■ Excerpted records ■
========================================
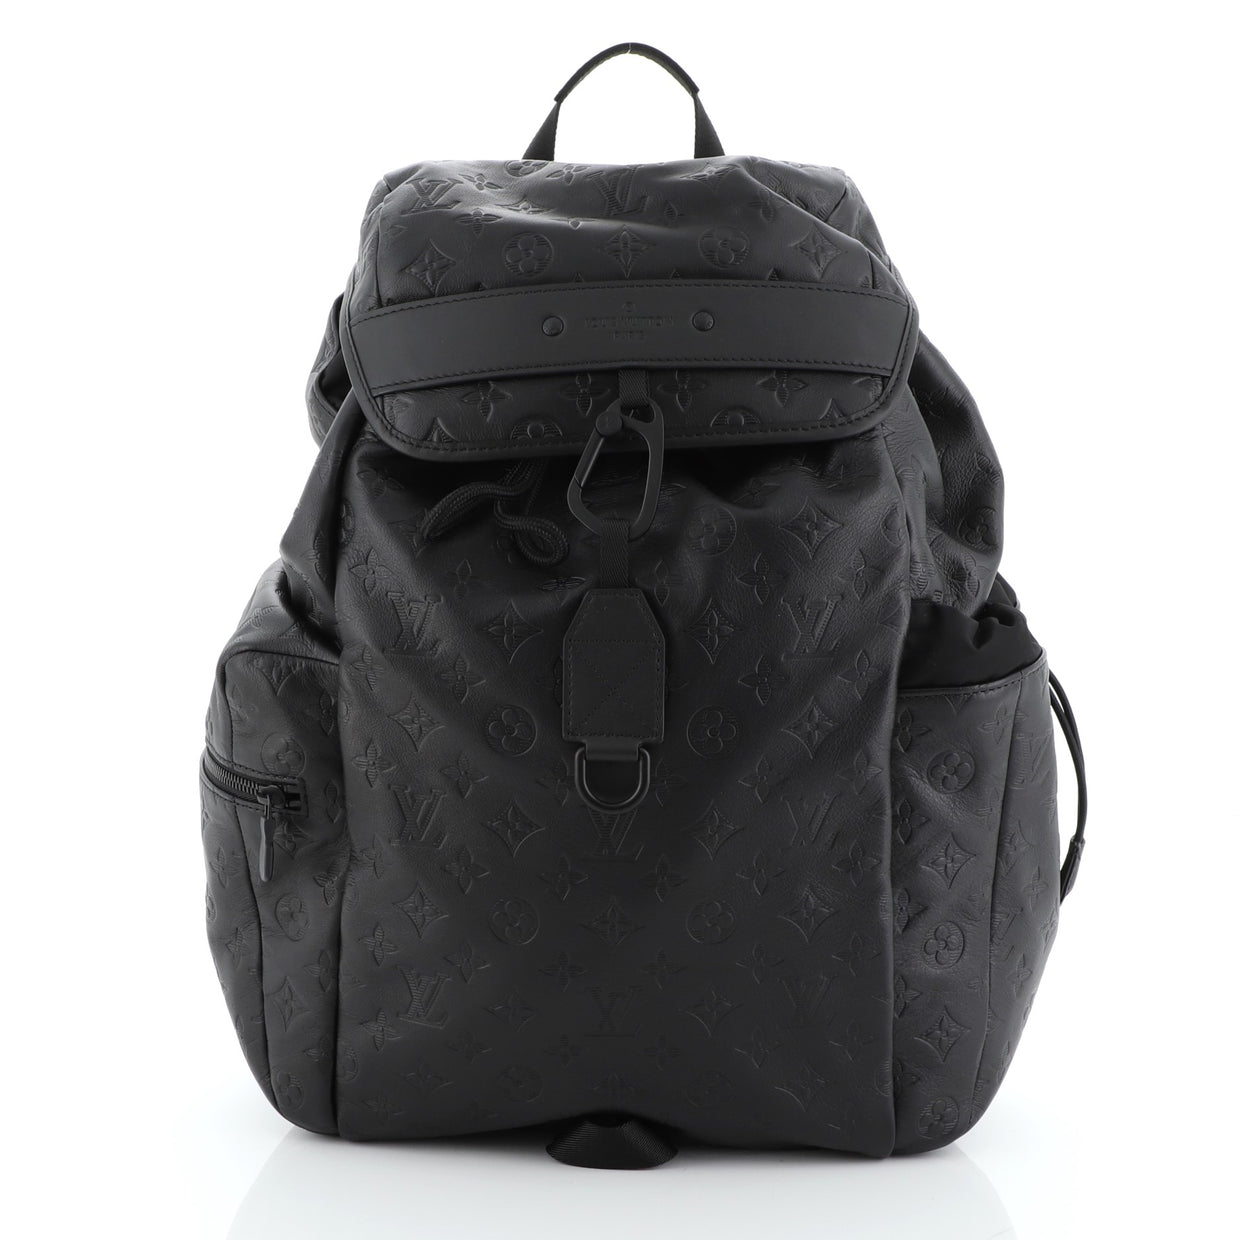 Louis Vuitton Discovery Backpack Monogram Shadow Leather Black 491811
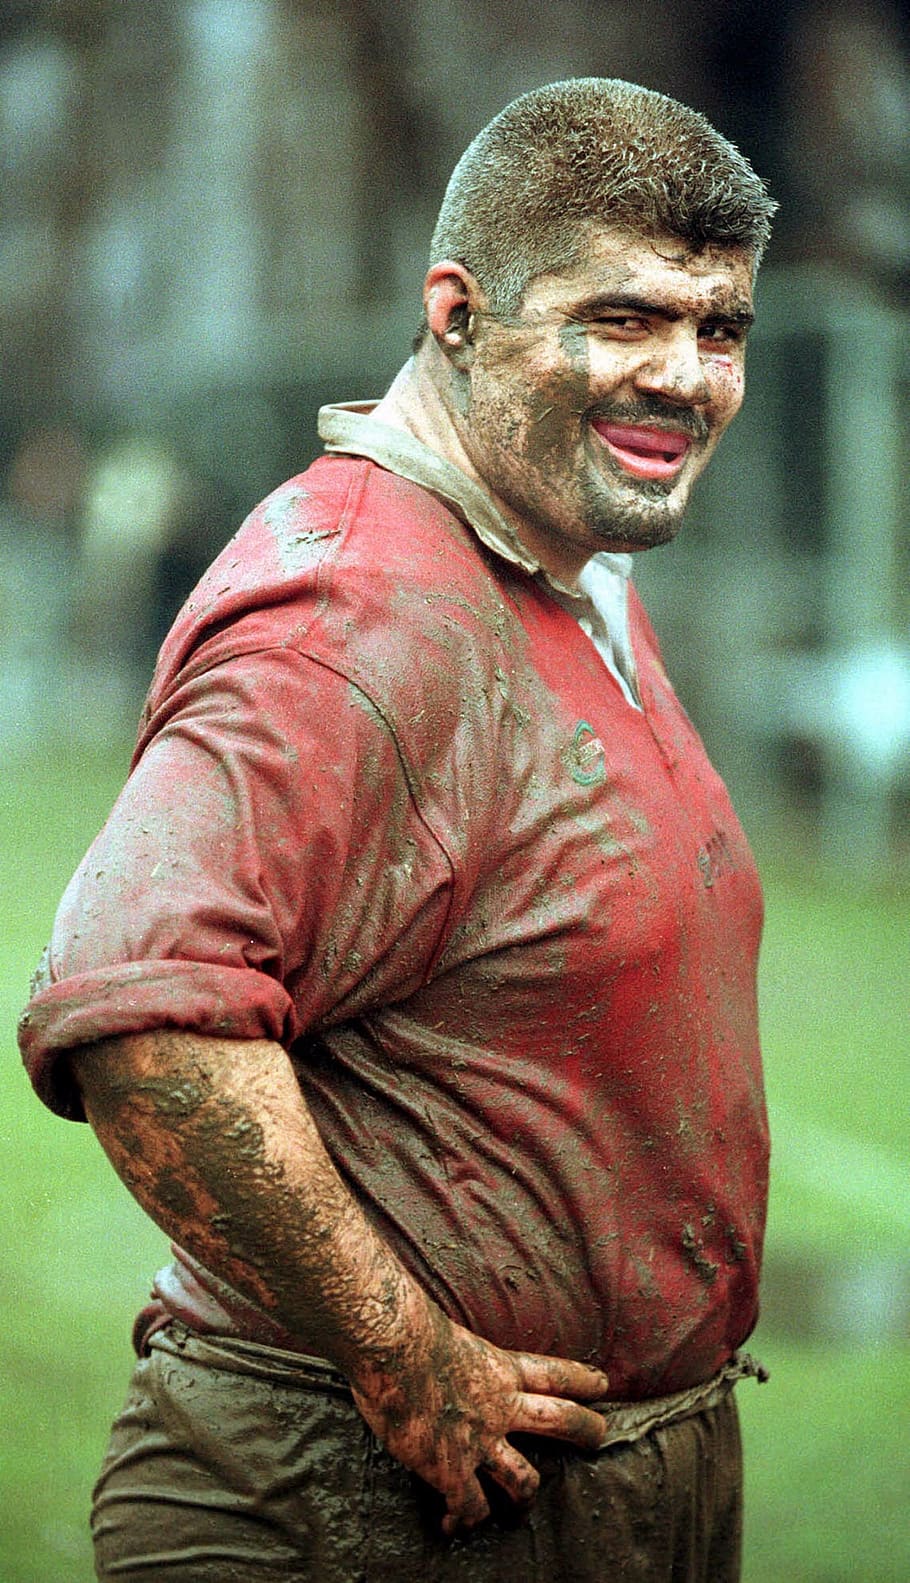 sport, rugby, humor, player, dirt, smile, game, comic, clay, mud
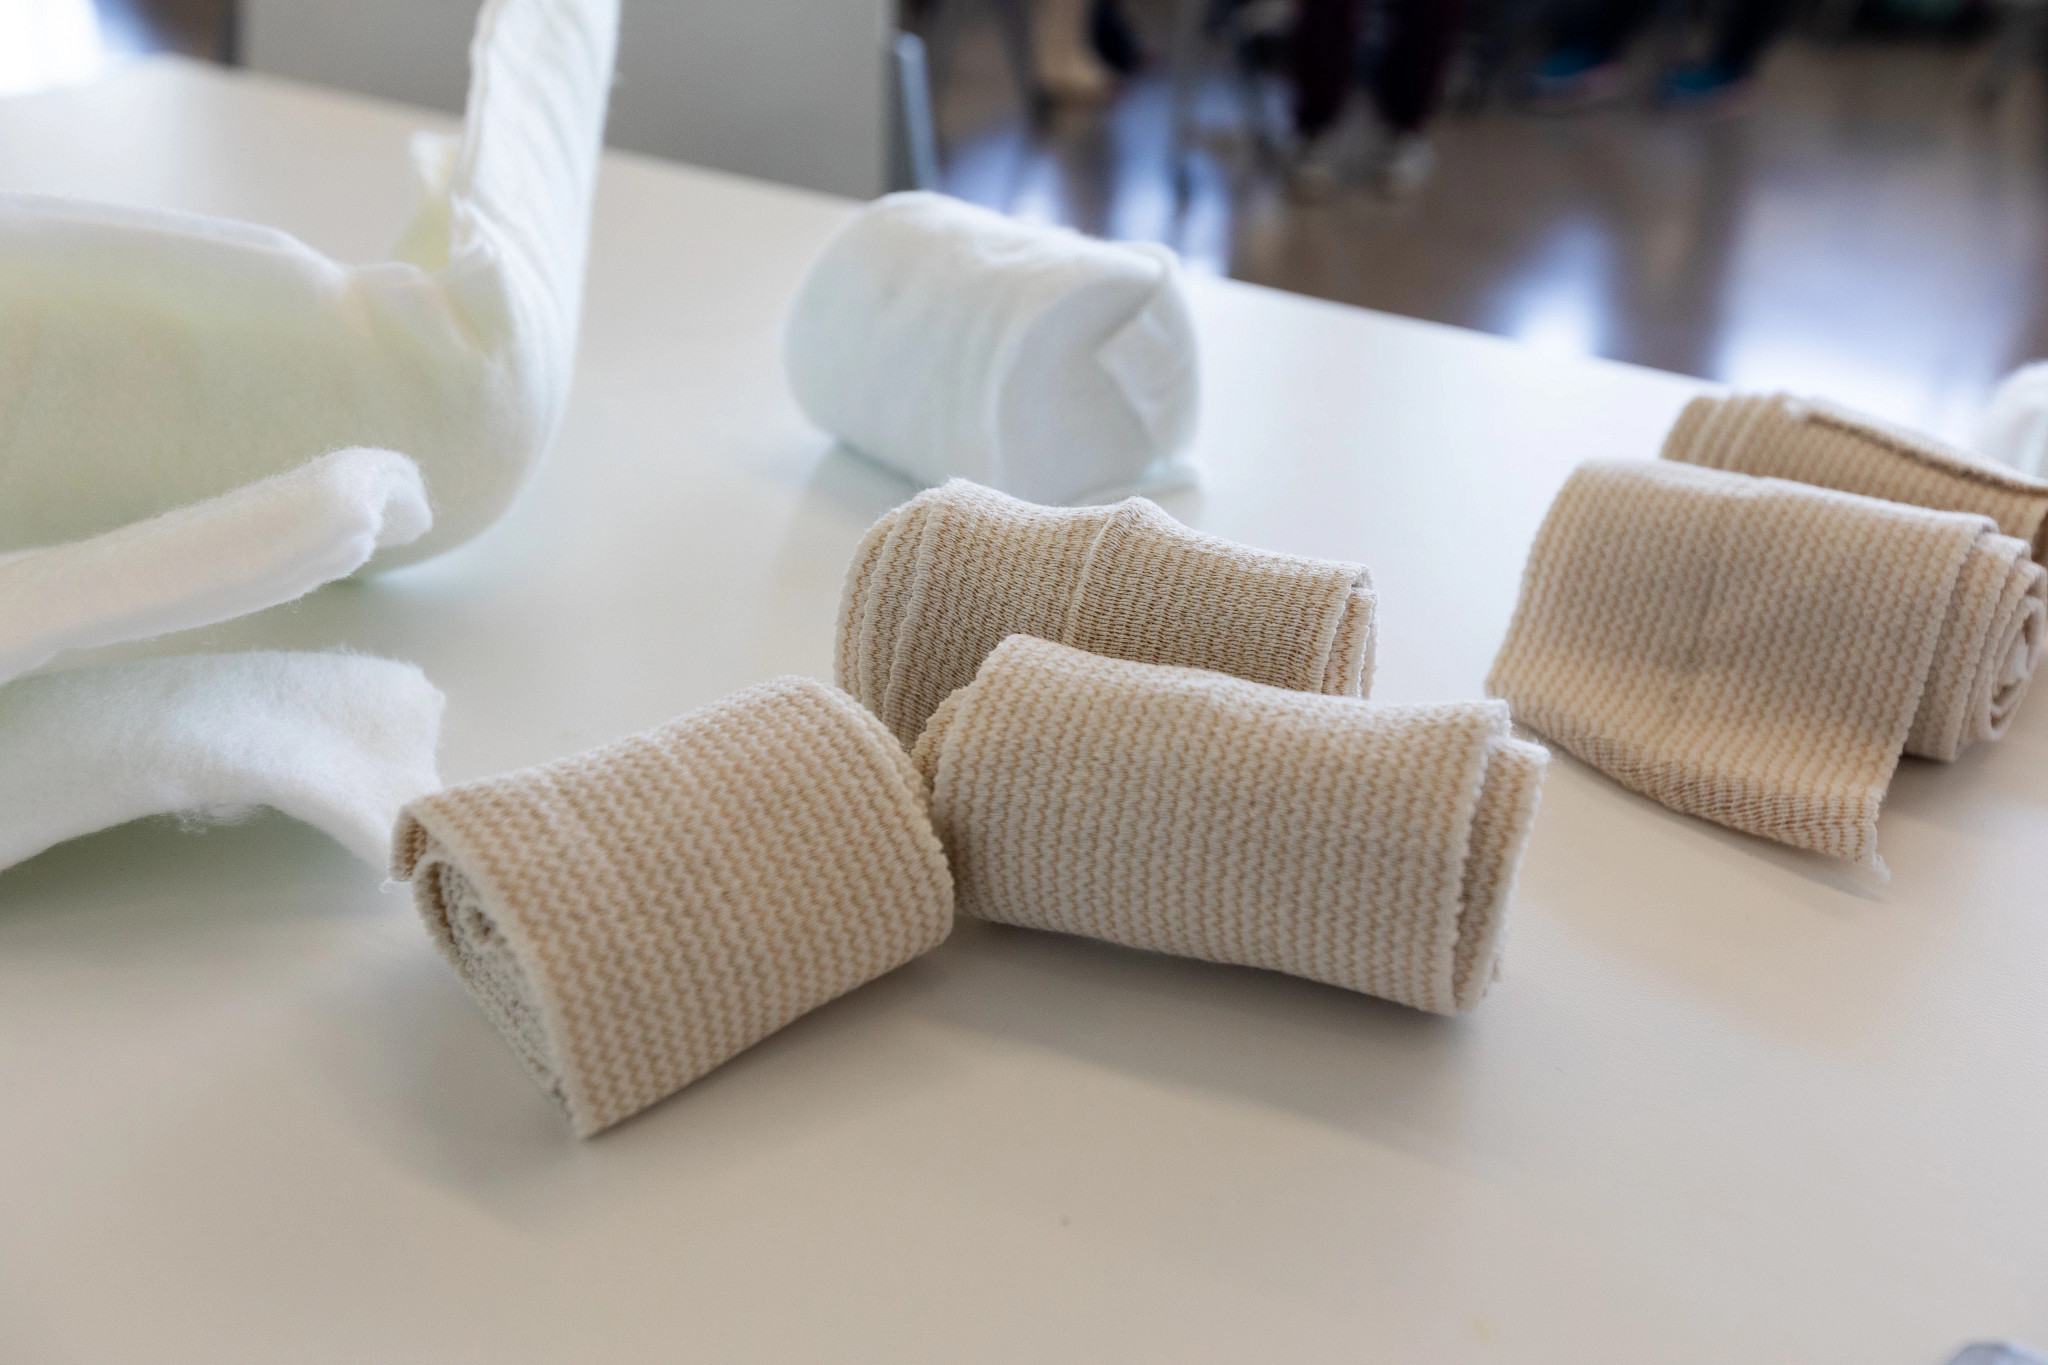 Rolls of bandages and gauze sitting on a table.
========================================
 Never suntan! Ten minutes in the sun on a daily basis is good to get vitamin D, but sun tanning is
========================================
With the pictures left out, write out exactly the lines above from the one containing "sport, rugby, humor, player, dirt, smile, game, comic, clay, mud" through the one containing "Rolls of bandages".

■ Response to this task ■
 sport, rugby, humor, player, dirt, smile, game, comic, clay, mud
 Rolls of bandages and gauze sitting on a table.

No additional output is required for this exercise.